A faint smile tugged at the corner of her mouth.

Then the door to the hallway opened softly.

Alexi Ravenheart stepped back inside after taking a shower.

Warm steam followed briefly behind her before fading into the room.

Her long dark hair was still damp, resting over the oversized hoodie she wore. Compared to the broken, terrified state she had been in when they rescued her, she looked healthier now.

Still tired.

Still emotionally shaken.

But alive.

Layla glanced over briefly.

"…About time," she said softly. "You were starting to look like Greenmire itself."

Alexi blinked once before giving the faintest tired smile.

"…That bad?"

"Worse."

Alexi quietly walked further into the room before her eyes immediately found Arthur again.

Like always.

The softness in her expression appeared instantly.

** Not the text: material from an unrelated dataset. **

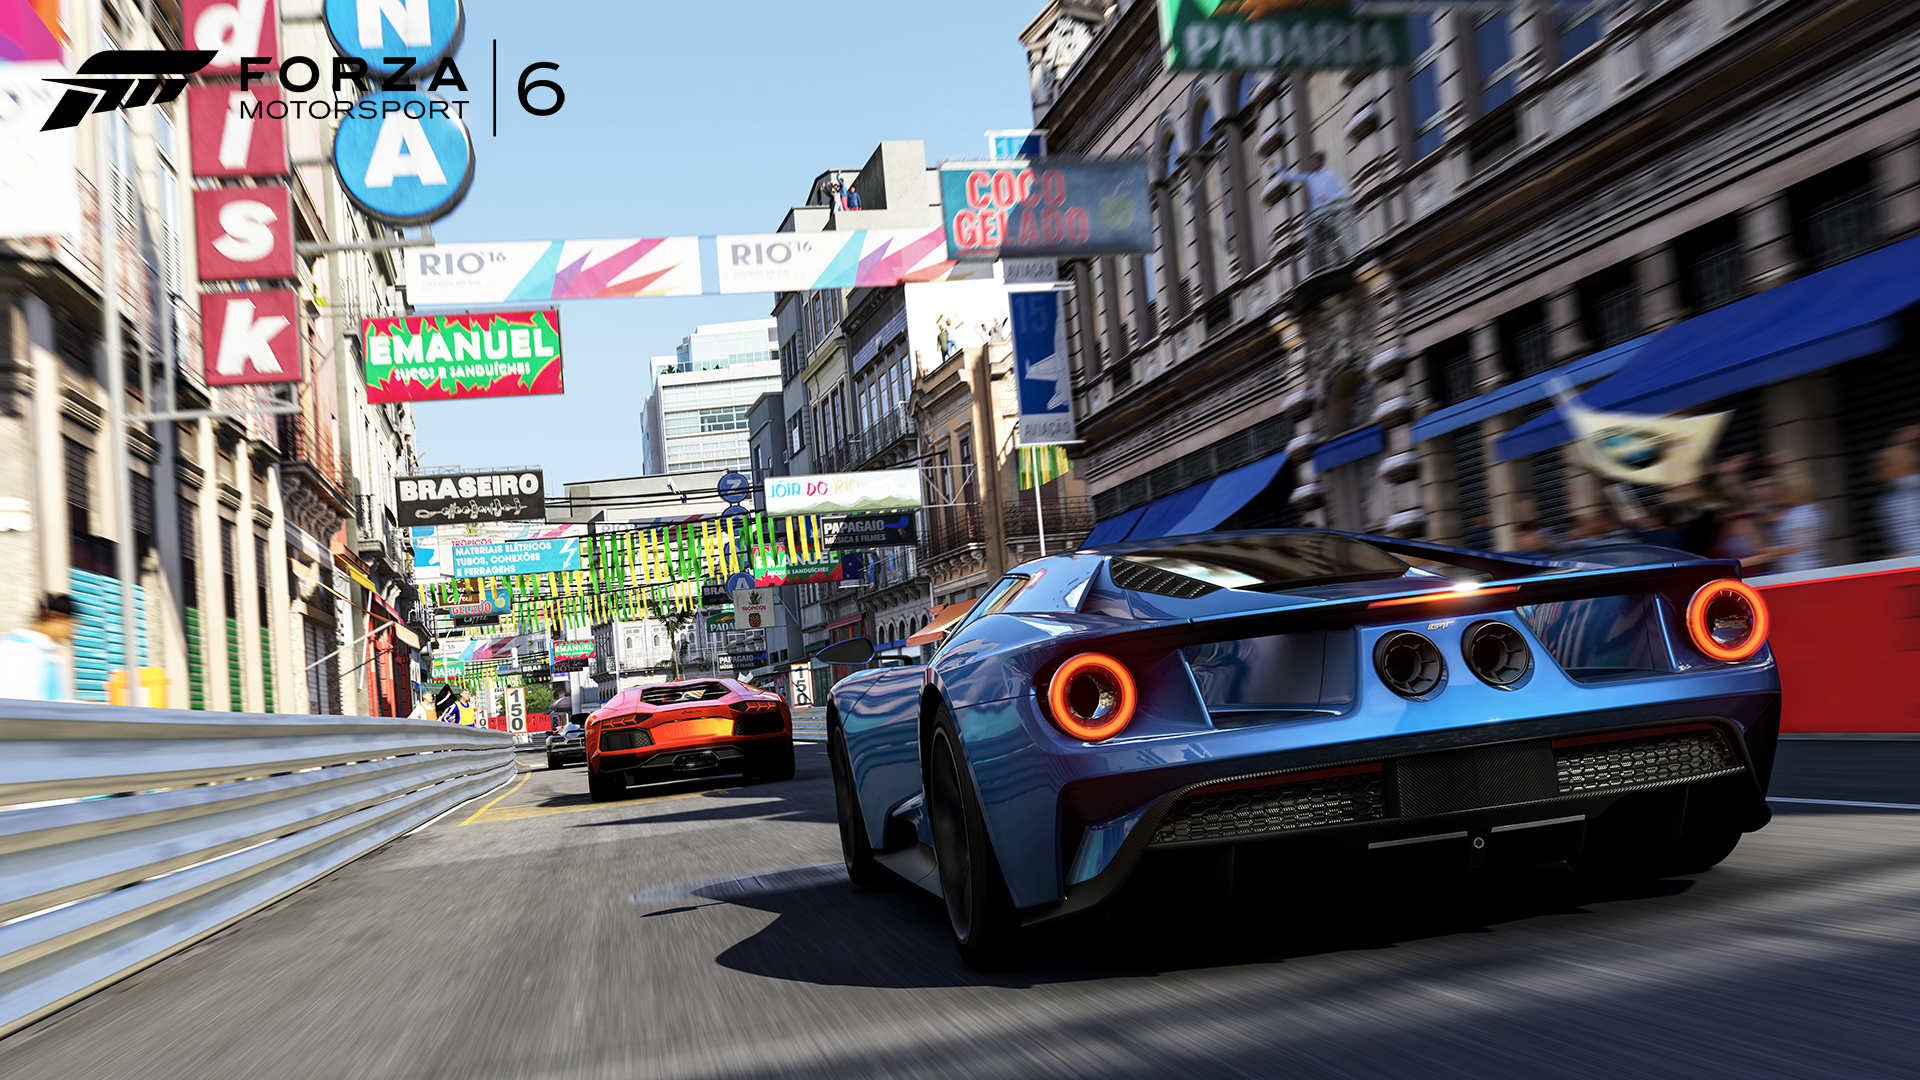 Forza Motorsport 6: Apex Wallpapers
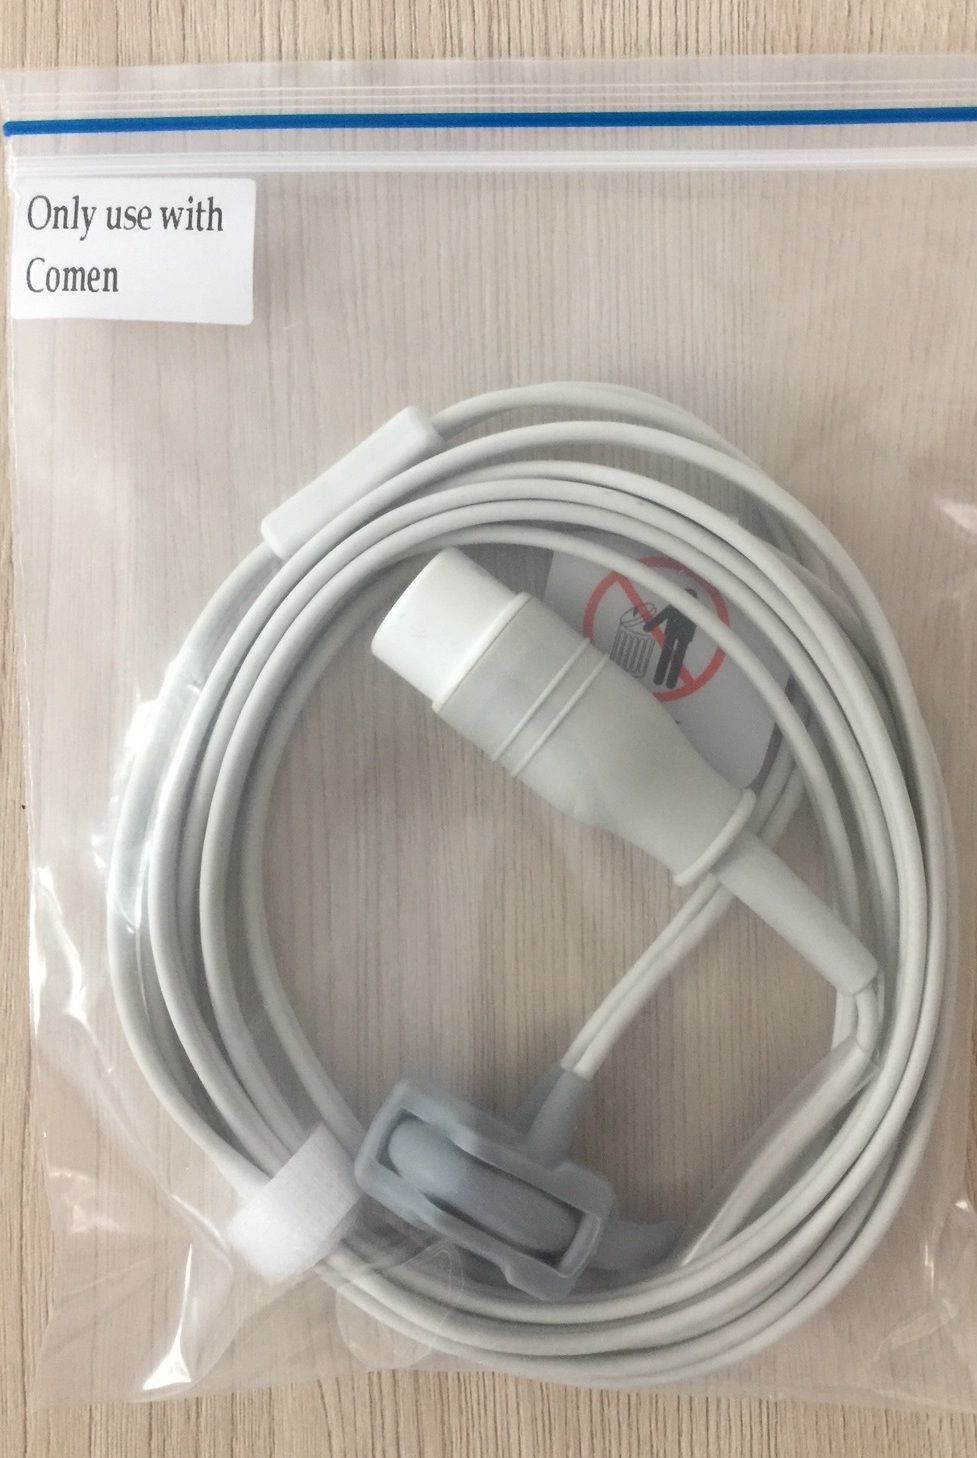 Compatible Spo2 Neonate wrap sensor cable for Comen NC Series_สายเคเบิ้ลเซนเซอร์วัดแซทออกซิเจนในเลือดเครื่องมอนิเตอร์โคเมน

Layla noticed it but didn't say anything.

Alexi slowly sat down on the other side of Arthur's bed, gently brushing some damp hair behind her ear.

"…Still no change?"

Layla shook her head once.

"No."

Silence settled briefly between them.

Then Alexi lowered her gaze slightly.

"…I kept thinking," she admitted quietly, "that maybe when I came back in… he'd finally be awake."

Layla's expression softened faintly.

"…Yeah," she murmured. "Me too."

Alexi stared at Arthur quietly for another moment before speaking again.

"…He really fought that thing alone at the end?"

Layla hesitated briefly.

"…Mostly."

The memory alone made her chest tighten again.

Alexi's fingers curled slightly against the blanket near Arthur.

"…Idiot," she whispered softly.

Layla almost laughed quietly at that.

"Everyone keeps calling him that."

"Because he is."

Despite the words, Alexi's voice trembled slightly.

She looked at Arthur for a long moment before lowering her head faintly.

"…Thank you," she whispered quietly toward him again. "For coming back for me."

The room fell silent after that.

Outside, distant yelling from Lucas and Rivien echoed faintly through the trees.

Inside—

only Arthur's slow breathing answered them.